MaxRewards: Free app to manage credit cards and maximize rewards - onenik
https://www.maxrewards.co/
======
onenik
My co-founder and I are reward/travel hackers, and we were frustrated with the
existing tools to manage credit cards and credit card rewards. Apps like Mint
lack rewards data and apps like AwardWallet lack spend or credit data. We also
couldn't find any app that aggregated reward activity. The closest app was
Birch Finance (bought by Even Financial last year, deprecated this year), but
they were just estimating rewards. Because of how convoluted reward rules are,
they were wrong a lot of the time.

We realized the main reason an app like what we wanted didn't exist was
because data aggregators like Plaid and Yodlee do not pull reward data. So we
built our own APIs. We're able to pull in spend, reward, credit, deals, and
account setting information, and we currently have coverage of 6 issuers
(AmEx, Barclays, BoA, Chase, Citi, and Discover). Capital One is coming soon.
Those 7 issuers represent about 70% of all major credit cards in circulation.

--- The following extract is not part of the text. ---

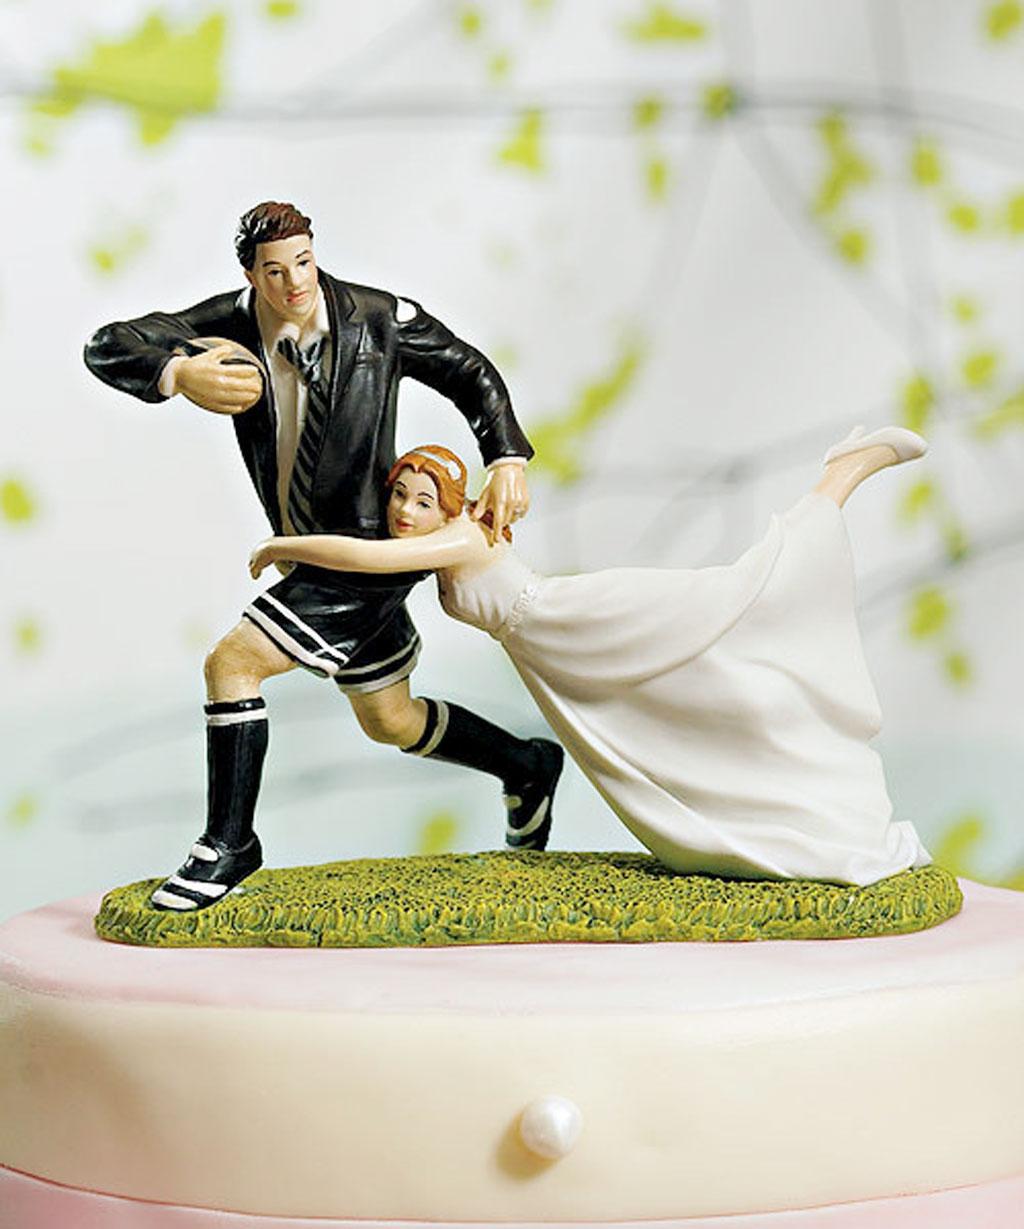 Weddingstar Cake Topper Picture In Wedding

In addition to aggregating information about all of your cards, MaxRewards
also provides best wallet recommendations (i.e. best combination of cards, not
just good cards to get) and best card recomendations (i.e. best card to use at
a particular merchant).

We've been working on MaxRewards for about a year now, and we recently just
released a public beta for iOS and Android. I'd love to get your thoughts and
feedback so we can improve our app.